Many railway experts are optimistic and believe the high speed rail will help promote balanced urban and rural development and the competitiveness of all Taiwanese cities.
However, just as when the construction of the Sun Yat-sen National Freeway was completed in 1978, the high speed railway will only serve to balance population distribution in cities along the rail line. As for urbanization, the new rail system may not have much of an impact.
A look at a statistics on population sizes in the nation's different townships and cities over the past three decades reveals two things.
First of all, urban polarization is getting more serious, which indicates a widening gap between urban and rural areas.
Secondly, the population distribution in Taiwan displays "power law scaling." Power laws can be observed in the development of matters where scale and frequency stand in an inverse relationship -- the larger the scale, the smaller the frequency.
For example, an earthquake measuring more than seven on the Richter scale is a rare phenomenon, whereas earthquakes measuring four or below occur quite often. If we plot earthquake magnitude on a horizontal axis and frequency on a vertical axis, the distribution will describe a straight line.
The population distribution of the nation's cities also conforms to these power laws. If we plot population distribution and size, we get a straight line. By comparing the population distribution in cities along the Sun Yat-sen National Freeway with cities not along the freeway, we find that the urbanization trend along the freeway is weakening.

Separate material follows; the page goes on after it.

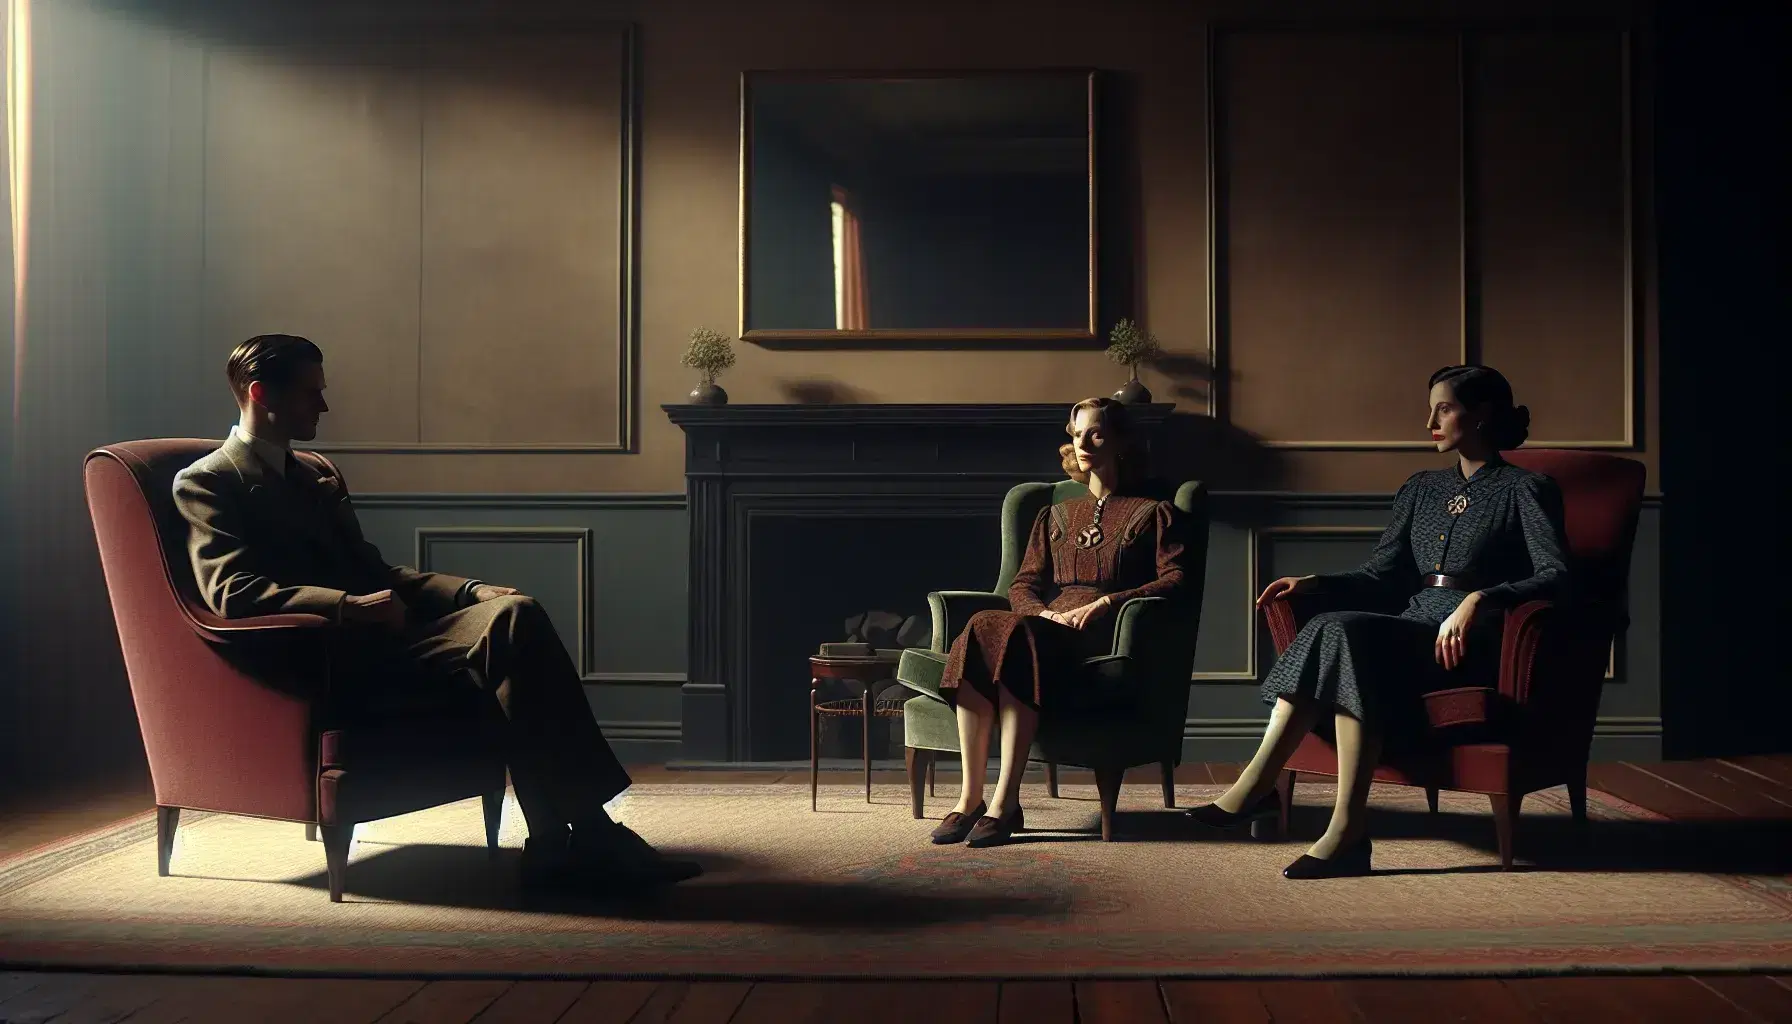 Three diverse individuals seated in vintage armchairs within a dimly lit, minimalist room with a plain fireplace and mirror.

Based on this analysis, it becomes possible to predict that the new railway will only increase the population distribution of populations along the railway line.
But this will not solve the uneven urbanization trends. The only reason for this is that factors resulting from past urban development have made industry choose northern Taiwan as its favored location, and it will be difficult to implement a policy which can change that.
The statistical modeling of the distribution of those companies -- by dividing them into northern, central, southern and eastern regions -- reveals that metropolitan Taipei has long been the first choice for company headquarters. Whether we like it or not, as long as the conditions remain unchanged, companies will continue to focus on northern Taiwan in the present and the future, as it has done in the past.
Judging from the way industry has locked in on the north and the law of urban distribu-tion, the uneven development between northern and southern Taiwan is a natural phenomenon that will be difficult to break. The high speed railway is no exception.
Lai Shih-kung is a professor and director of the Cities, Complexity and Planning Lab at National Taipei University.